The best real estate agent is not always the one with his face on the bus bench. Publicity gets the name of particular realtors and realty companies out into the public, but publicity does not always translate into the time and care it takes to make sure you get the home buying process you’re looking for. Interview multiple realtors, asking plenty of questions each time.

You will probably be spending a large amount of time with whoever you choose, so make a wise choice. You are entrusting perhaps your biggest single possession into your realtor’s hands, so feeling comfortable with your choice will go a long way towards feeling comfortable with the process as a whole.

Take Control of the Showing Process

Shopping for homes is usually the most time-consuming portion of the home-buying process and can often leave people frustrated if they feel that they are wasting their time on improper homes. Knowing what you want comes in to play big time in this step and can trim a lot of the fat from what is out there on the home market by narrowing down the entire set on a few key pieces of information. If you see a home online or just driving by, don’t hesitate to ask you realtor to set up a showing. That’s what they’re there for so make use of them.
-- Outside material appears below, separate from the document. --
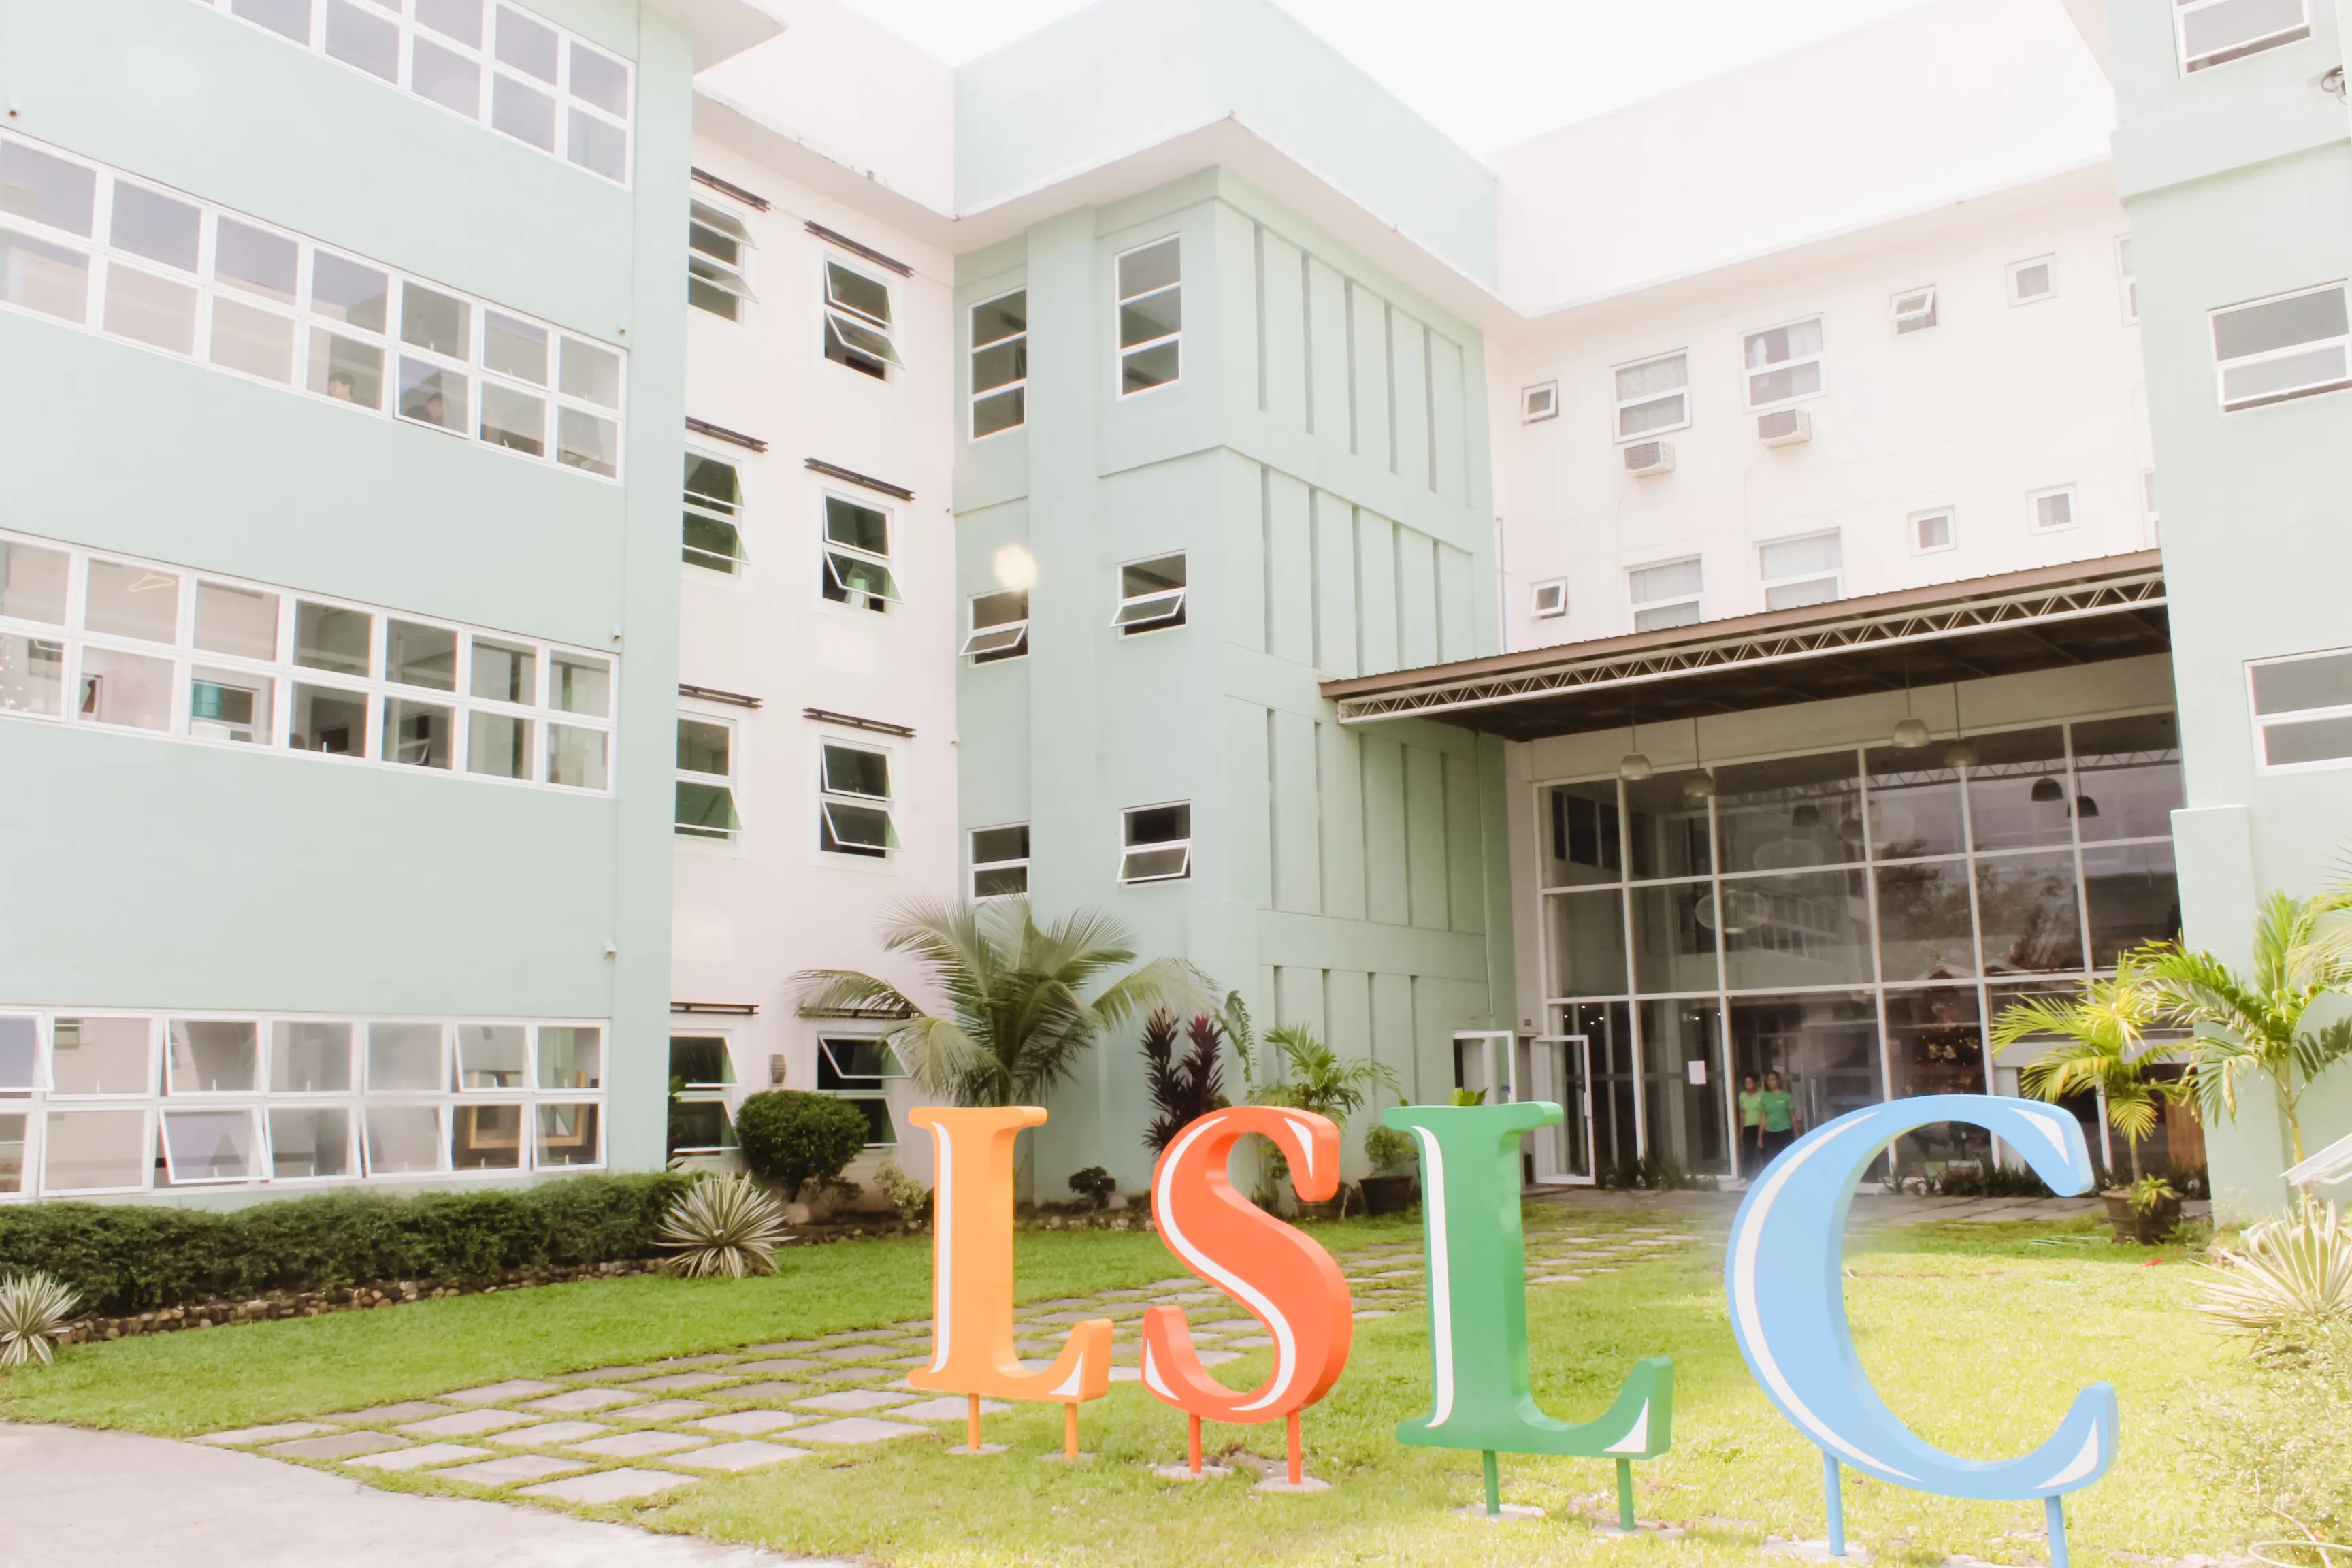 LSLC菲律賓語言學校

Don’t ever be afraid to simply drive up to a home where you have a scheduled showing and never take a step inside. This is going to be your prospective home, so factors such as the appearance of nearby homes, the area of town and accessibility to things that are important to you are all entirely legitimate reasons to not want a particular home. Communicate that to your realtor and she/he will be able to get a better idea of the type of area you are looking for. Keeping that communication going leads to better showing and less time wasted on homes that just aren’t right for you.